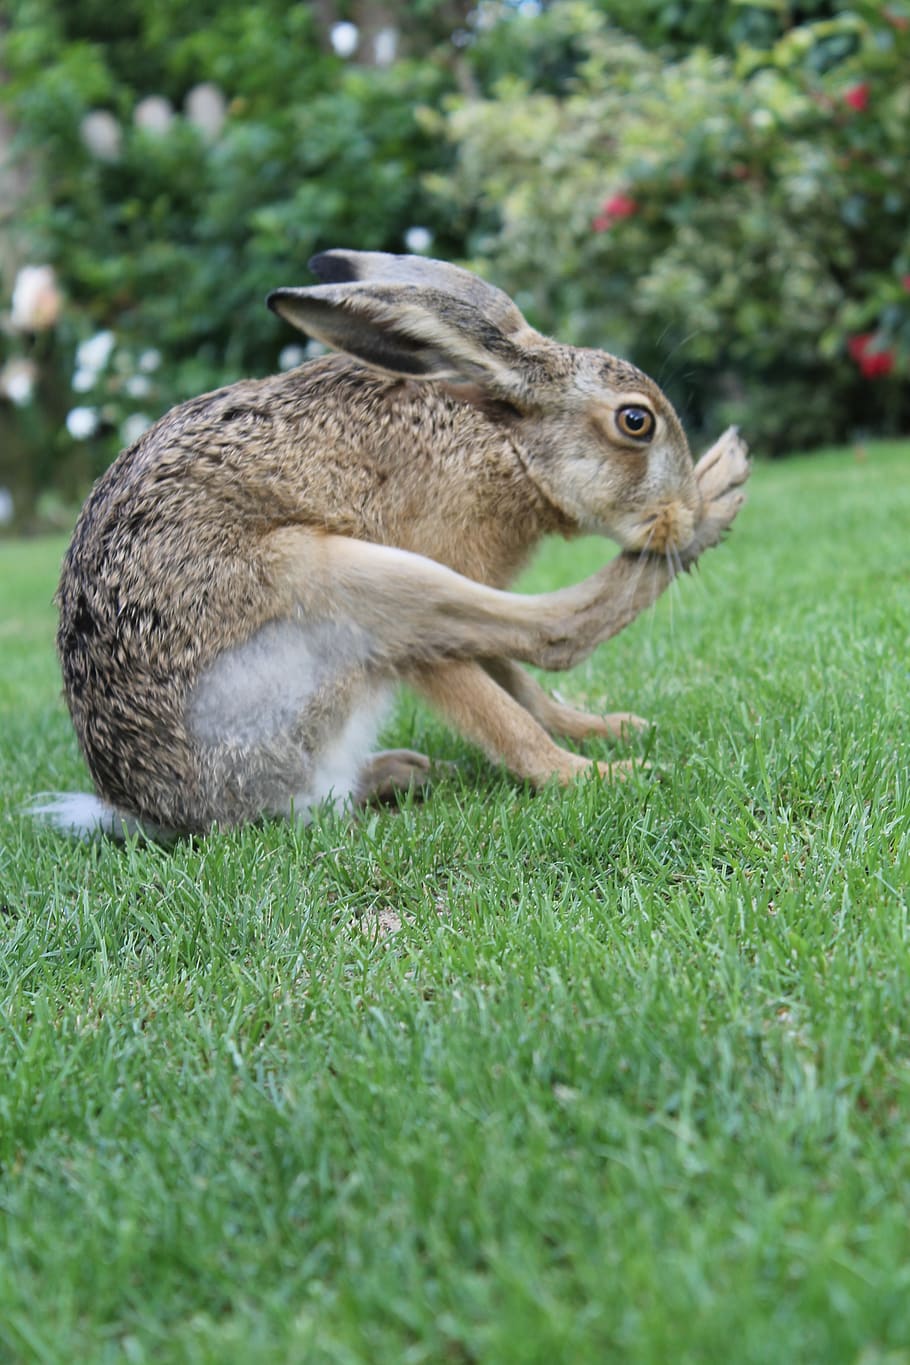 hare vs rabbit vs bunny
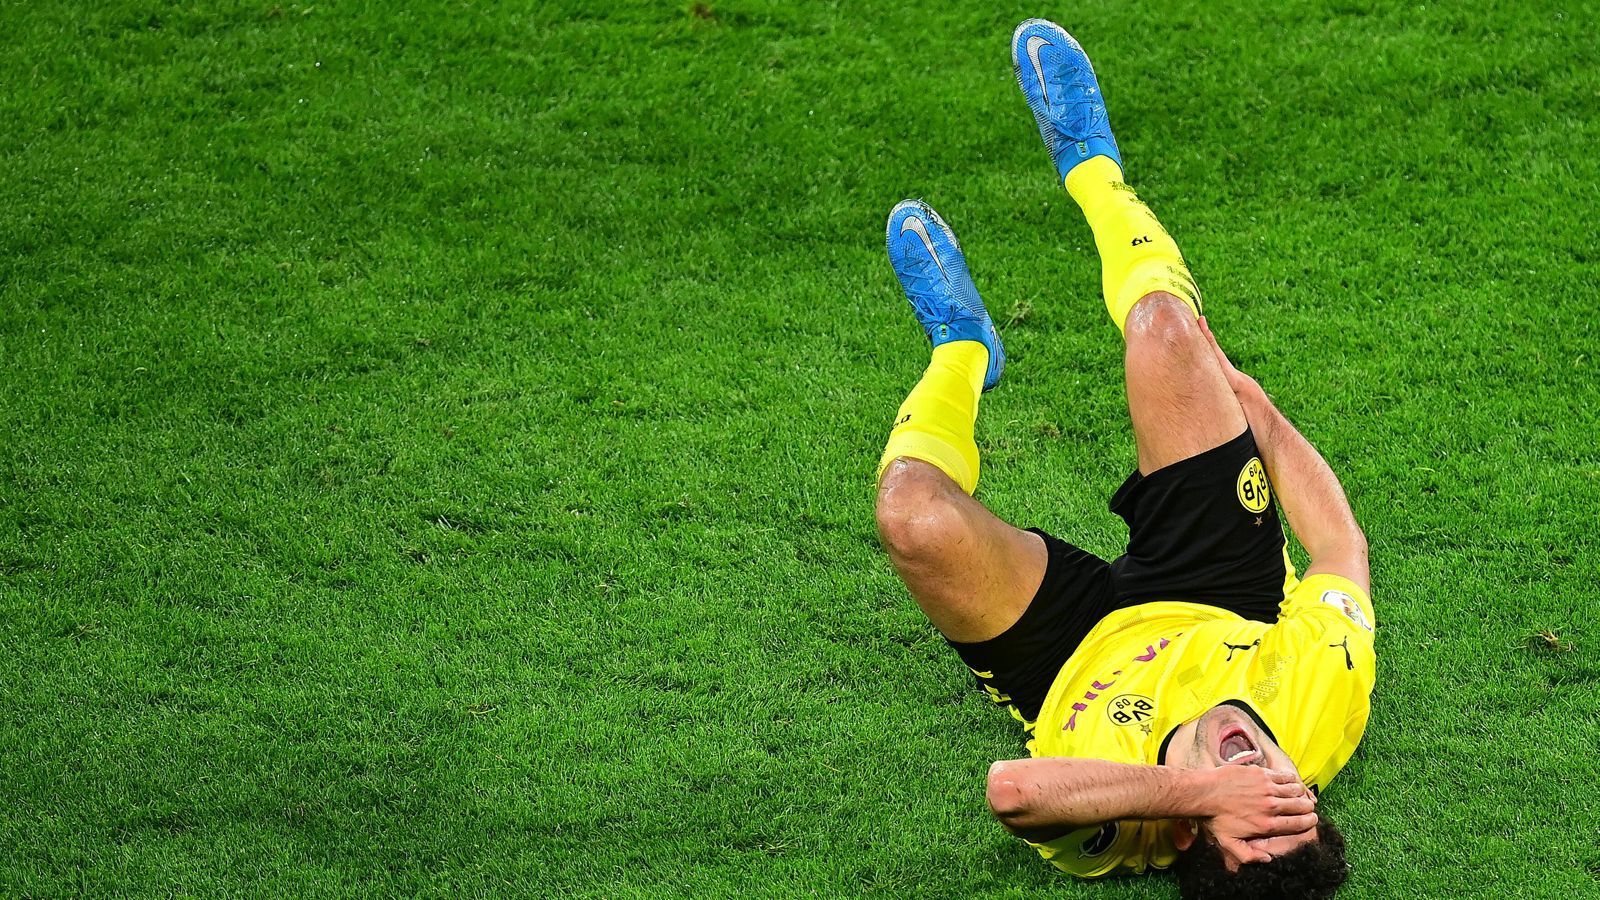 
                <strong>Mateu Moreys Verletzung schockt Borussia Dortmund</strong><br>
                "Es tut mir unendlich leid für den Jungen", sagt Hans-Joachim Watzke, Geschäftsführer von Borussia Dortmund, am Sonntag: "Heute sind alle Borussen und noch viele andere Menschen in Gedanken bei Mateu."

::::::::

● Problem requirements
From the material above, output every line exactly as written, dropping any picture.

● The answer
 hare vs rabbit vs bunny
                <strong>Mateu Moreys Verletzung schockt Borussia Dortmund</strong><br>
                "Es tut mir unendlich leid für den Jungen", sagt Hans-Joachim Watzke, Geschäftsführer von Borussia Dortmund, am Sonntag: "Heute sind alle Borussen und noch viele andere Menschen in Gedanken bei Mateu."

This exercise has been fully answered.